Content development: Panacea for socio-economic problems
The Nigerian Oil and Gas Industry Content Development Act is the end result of many decades of attempts by the government and other stakeholders in the petroleum industry to ensure that the industry provides local value and maximum benefits to Nigerians. In over fifty years since the discovery of oil in Nigeria, the petroleum industry has functioned as an “enclave” economy, with very few, if any, linkages and very little contribution to the wider Nigerian economy.

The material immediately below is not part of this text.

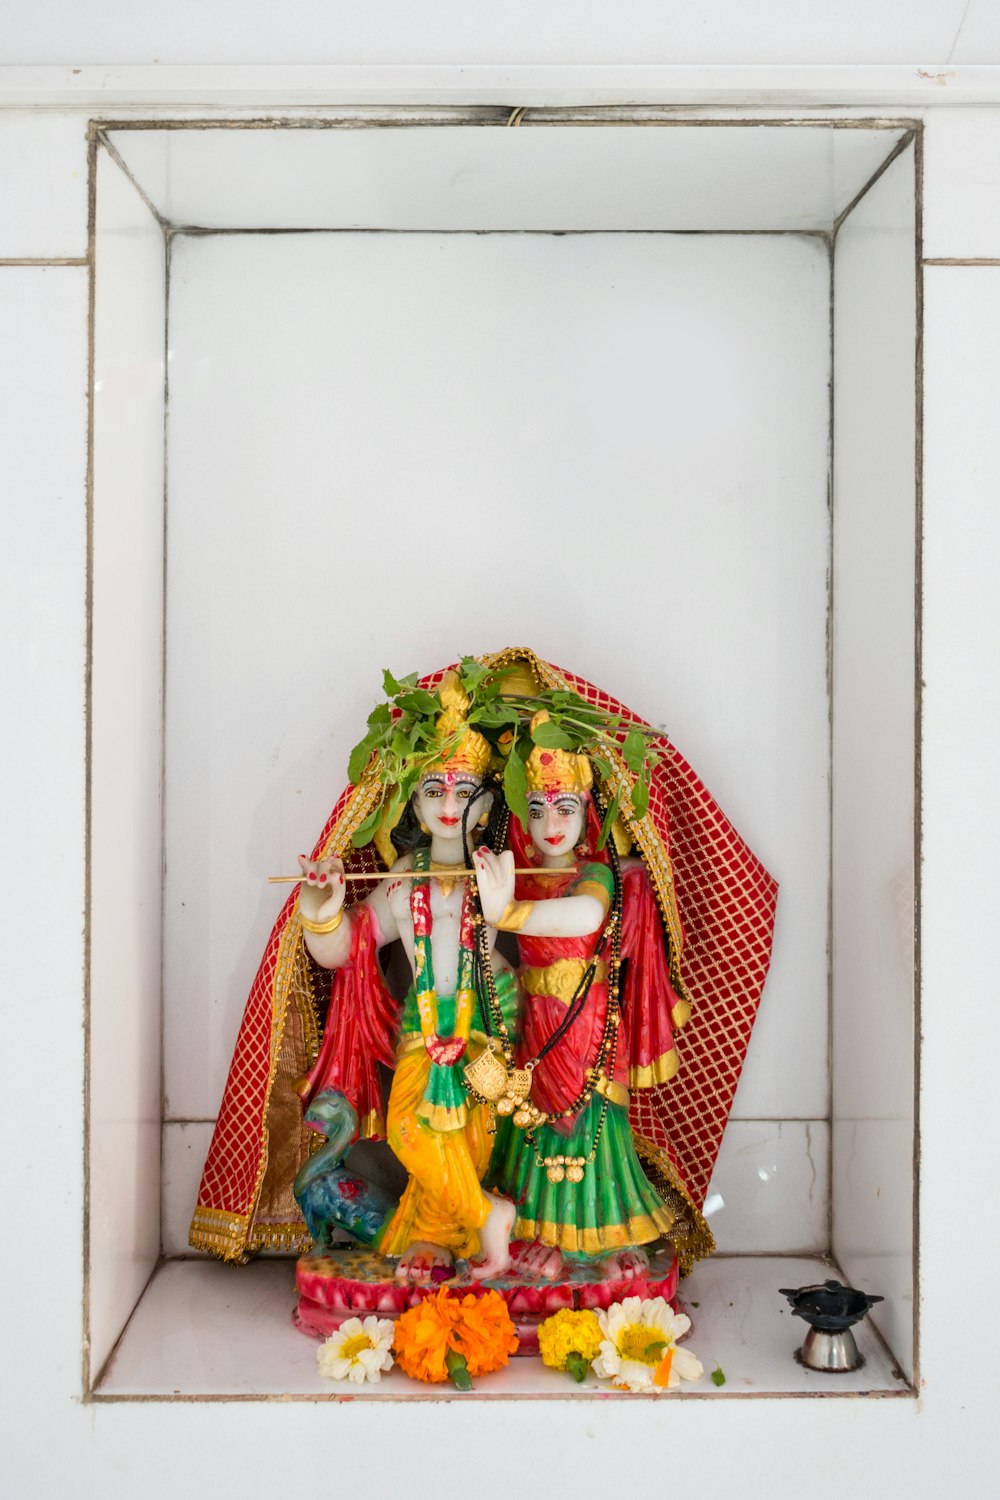 a statue of a hindu god in a niche

Earlier steps taken to ensure that the local content policy becomes a reality includes the establishment of research, development, training, education and support funds. Provisions in the Petroleum Act on mandatory employment and training of Nigerians by the petroleum operators, provisions on technology transfer, local content utilisation, recruitment and training of Nigerian employees contained in the various contractual arrangements with the International Oil Companies (IOCs) and the establishment of the Nigerian Content Development Division (NCD) in the NNPC to monitor and give effect to government’s Nigerian Content Policy.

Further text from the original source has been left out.